Brian Kim Stefans: "Language as Gameplay"

Posted 3/6/2008 (link)


"Language as Gameplay: From the Oulipo to the Jew's Daughter" is the full name of a recent lecture delivered by poet and theorist Brian Kim Stefans at the Kelly Writers House as part of the Machine reading series this past January. Based on ideas first espoused in his collection Fashionable Noise: On Digital Poetics (Atelos, 2003), Stefans explores some of the ideologies and pitfalls involved in constructing digital literary works, and specifically, the solutions that ludic processes — i.e. the spirit of gameplay — might offer towards these endeavors. Stefans begins by listing his "Five Holy Grails of Electronic Literature," which include dispensing with any conventional sense of both the author and the page, creating work that's fun, yet also provides a "non-trivial" literary experience, and which also makes a daring aesthetic statement. He also discusses the characteristics of games themselves and the role of both the banal and the vulgar within these works, and analyzes the ways in which we parse digital texts when confronted with them.

After the main lecture, Stefans continues by considering the implications of his theories as embodied in a number of digital works — including his own adaptation of Christian Bök's Eunoia, as well as Judd Morrissey's The Jew's Daughter, Jason Nelson's Literary Textual Games, and the works of John Cayley. On the special page we've put together for "Language as Gameplay", you'll be able to listen to separate audio segments for each author, and by following the links provided, interact with the texts themselves as Stefans describes them. There also links to several of Stefans' own works, along with his "Language as Gameplay" blog, where you can find even more information. It's only fitting that this innovative lecture, which blurs the boundaries between media be presented, in a similar fashion, and we're proud to be able to share both this recording and the accompanying digital texts with our listeners.

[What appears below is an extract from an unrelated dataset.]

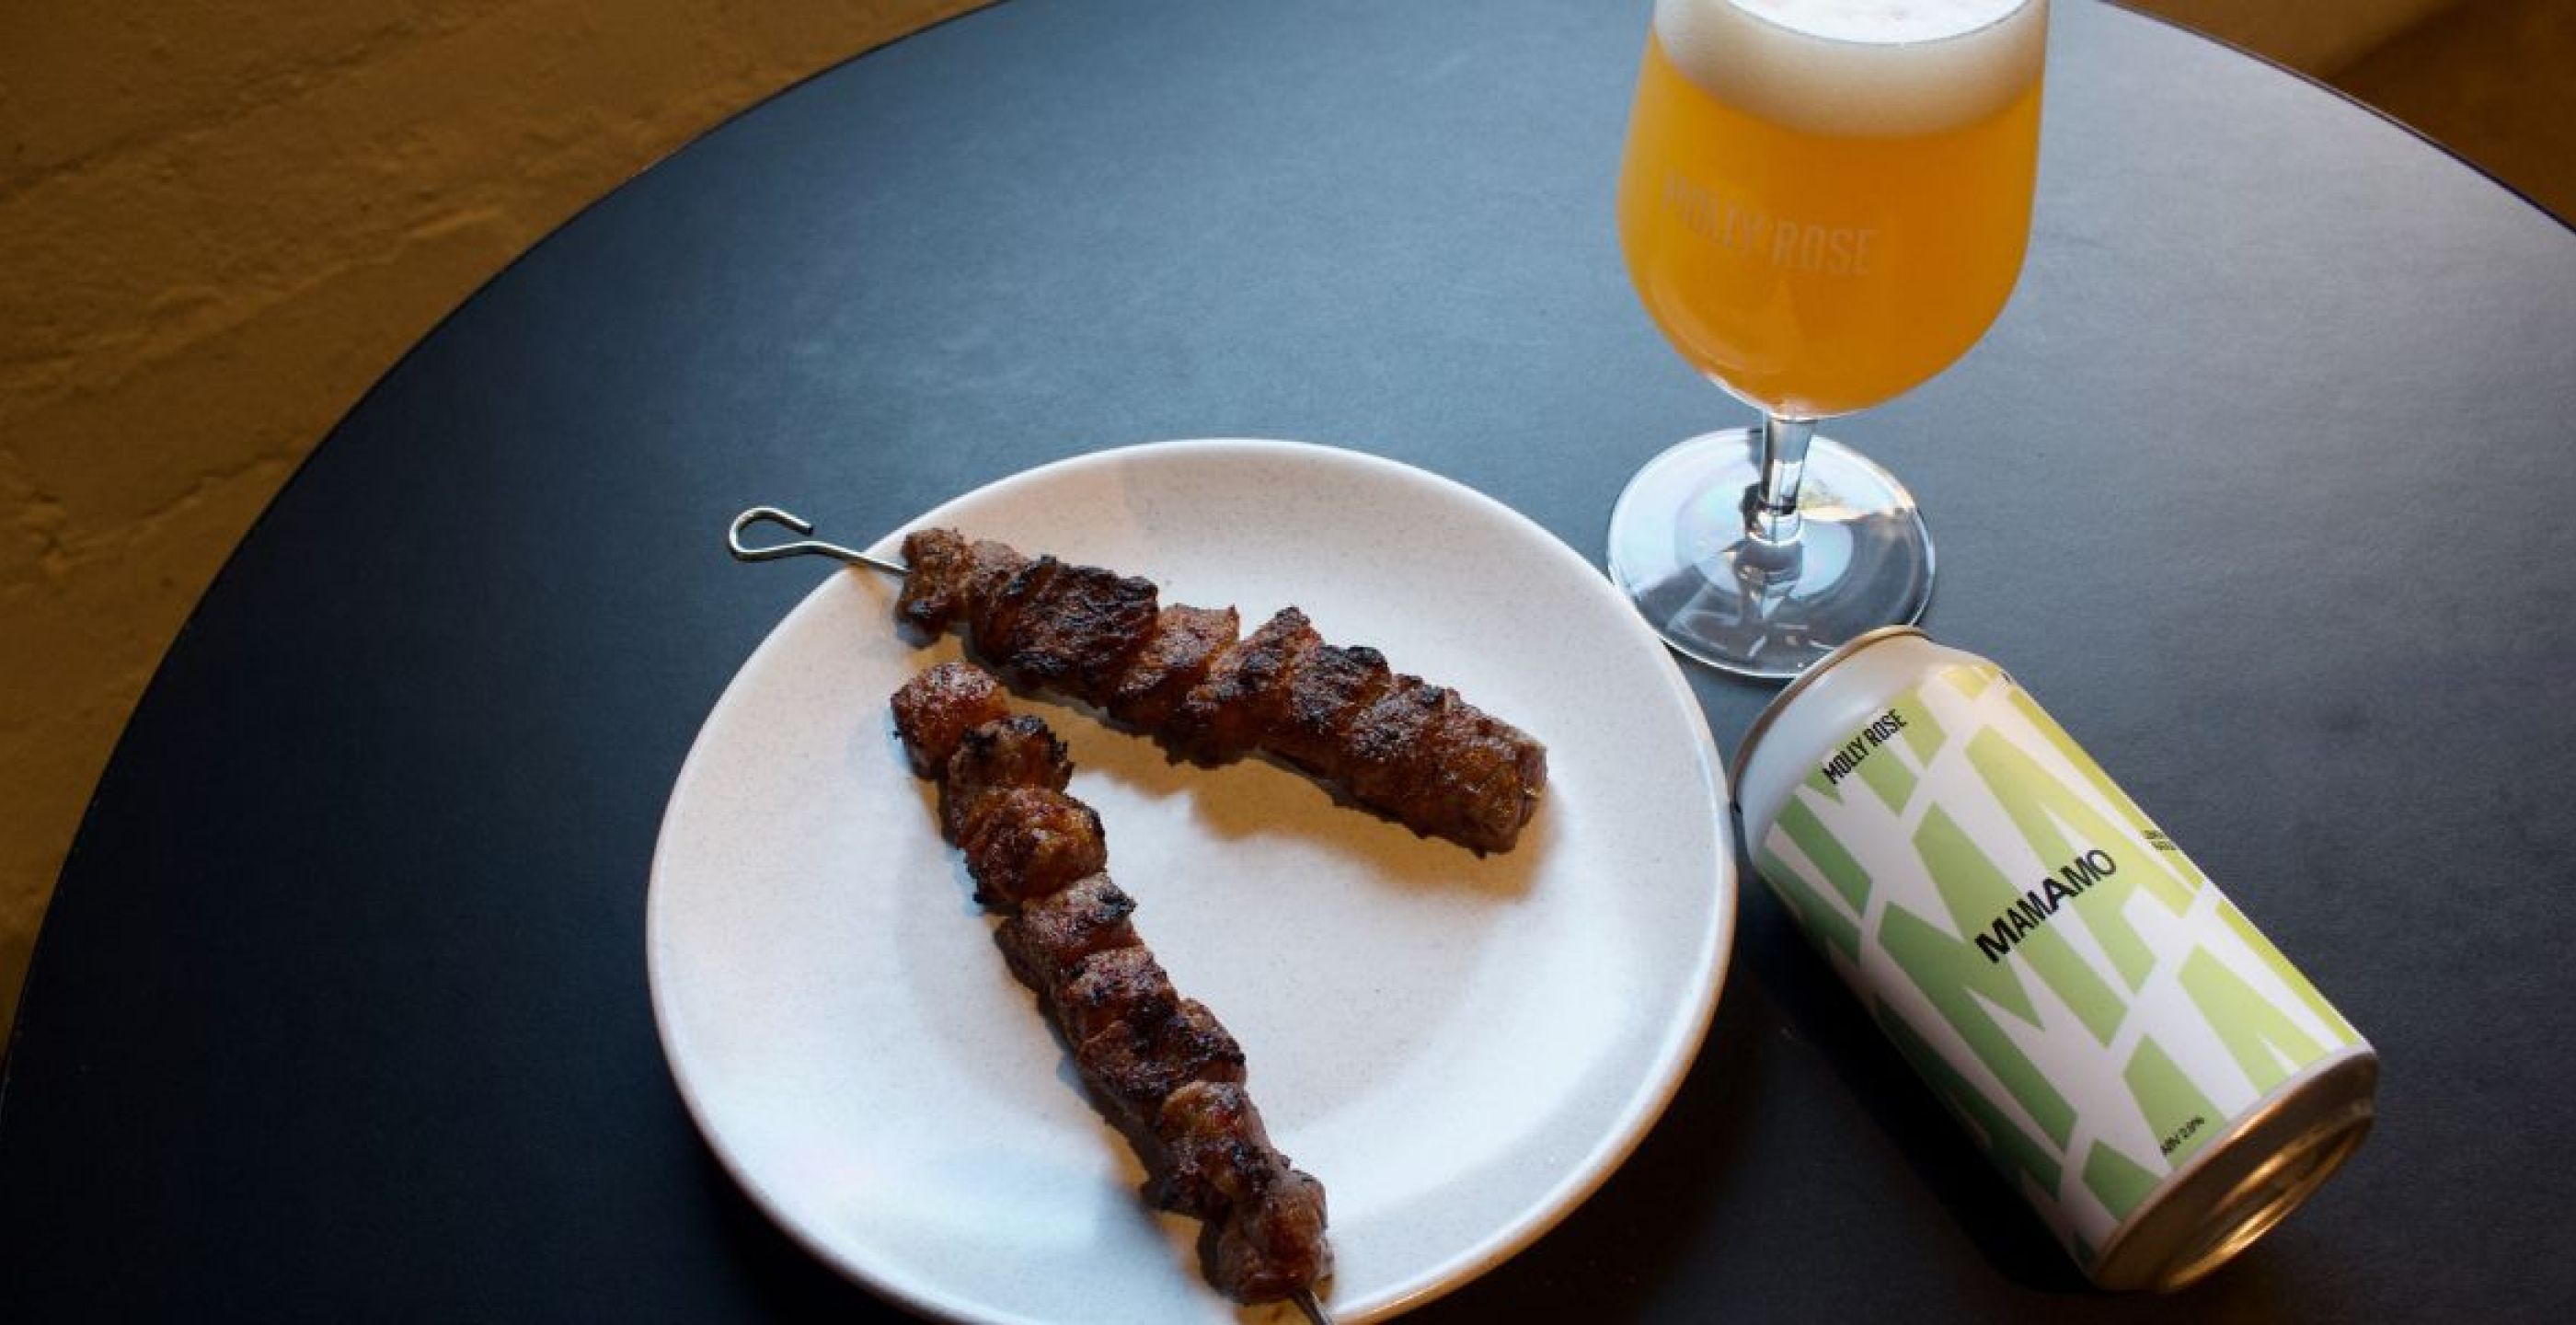 The Matchmakers: Pairing Food With Radlers

In addition to this special event page, be sure to visit Stefans' PennSound author page, where you'll find a pair of readings at the Kelly Writers House, as well as recordings from SUNY Buffalo, the Segue Series at the Bowery Poetry Club, the Line Reading Series, and PhillyTalks.




Douglas Messerli on Close Listening

Posted 3/7/2008 (link)


On January 21, 2008, Charles Bernstein sat down with old friend, and noted poet and publisher, Douglas Messerli to record a special three-part Close Listening program — nearly ninety minutes of readings and discussion, which provides a broad survey of his prodigious career.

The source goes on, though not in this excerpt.